The development of UCITs funds
December 2013 | SPECIAL REPORT: INVESTMENT FUNDS
Financier Worldwide Magazine
The UCITs Directive provides a harmonised platform and an EU passport for those funds meeting the stringent investment and borrowing powers set out in the UCITs Directive, which are designed to ensure adequate diversification of investment and risk management, so that they are appropriate for investment by retail investors without advice.
When the UCITs Directive was first implemented, it was designed to cover simple funds which were appropriate for all retail investors. However, since UCITs III, the funds structures permitted under the UCITs brand have become increasingly flexible, leading to UCITs being permitted to use indices, including the use of total return swaps to gain exposure to asset classes which cannot be directly invested in, such as commodities. UCITs funds have also been set up for professional clients only, through the use of high minimum subscriptions.
The UCITs brand is strong throughout Europe, America and Asia. They are perceived as funds which are heavily regulated, safe and secure and this is the reason why they are so popular and sell well. It is this fact that is making stakeholders nervous about the increasing flexibility of UCITs funds, and it looks like the tide may currently be turning on the flexibility of UCITs funds, particularly with the advent of Alternative Investment Funds.
UCITs V has brought in, for example, transparency requirements for use of derivatives based on indices and use of total return swaps to gain exposure to non permissible asset classes. In addition, what constitutes permissible assets for UCITs funds will be analysed in UCITs VI. It is conceivable that UCITs VI will be used to simplify UCITs funds to pre UCITs III days, restricting them to simple structures that are suitable for all retail clients. There may be a look through so that UCITs funds cannot have exposure to non permissible asset classes such as commodities.
Alternatively, asset classes such as commodities may be included as permissible assets, which would widen the scope.
Interestingly, ‘complex funds’, such as complex UCITs, may not necessarily be suitable for all retail clients. There should be more transparency for investors, in particular around the composition of indices and absolute return swaps. The MIFID II proposal rightly suggests that an appropriateness test should be used for complex UCITs. This subject seems to be a rather emotive and divisive one. However, transparency is a central requirement across all financial services as a result of the credit crisis. It is not simply one raised in relation to UCITs and it is not going to go away. After Lehmans, the general view is that all investors should be able to understand the products they are investing in and relevant stakeholders should know who is purchasing the products and be able to monitor the purchase of the products.
In addition, the proposals do not seem to be dangerous for UCITs funds. There is room for complex funds in the UCITs structure. Even complex funds need to comply with the strict investment and borrowing powers in the UCITs directive and this provides diversification and security and makes them suitable to the wider market.

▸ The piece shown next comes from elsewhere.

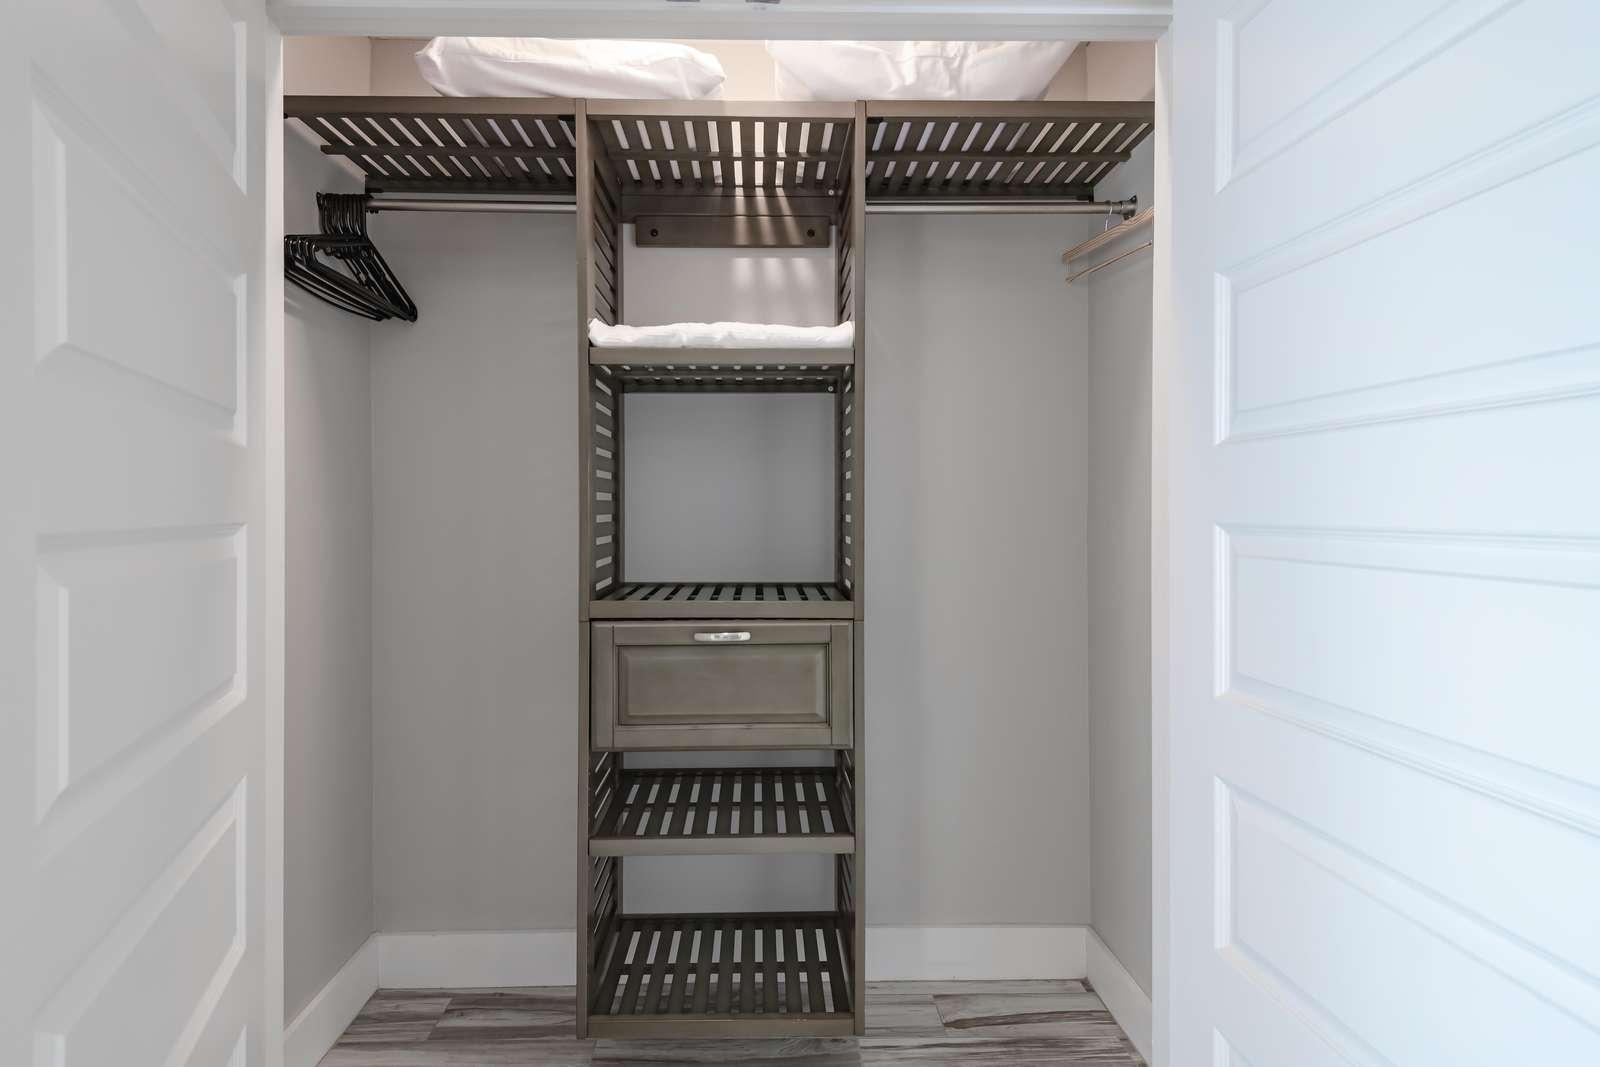 Built in closet shelving!

If the UCITs world is resistant to the idea that there are varying complexities within the UCITs structure and argues that there should not be greater transparency on complex funds, this may lead to stakeholders using this as a reason to use UCITs VI to simplify UCITs back to pre UCITs III funds. By accepting the need for greater transparency and the idea that there are complex funds which are not appropriate for all retail investors, without an appropriateness test, it is more likely that the flexibility of the UCITs structures will remain. The danger with going back to pre UCITs III structures is that they were not very popular until flexibility was permitted, and there is no guarantee that they will be popular in the future without flexibility.
It will be interesting to see what happens as Alternative Investment Funds take off. If the brand becomes strong, it is conceivable that managers of ‘complex UCITs funds’ will change them to AIFs, in particular those only directed at non professional clients. Under the AIFMD, an EU passport can be obtained by EU managers of EU funds but they have the advantage over UCITs in that the funds themselves are not regulated – they are not subject to the stringent investment and borrowing powers in the UCITs directive. This will only happen, however, if the AIF brand becomes popular. There is no doubt that the UCITs brand sells.
If the AIF brand becomes respected and the two brands are then in equal competition, AIFs are likely to prevail because there is more money to be made from them. UCITs may only be used for simple funds then, in any event.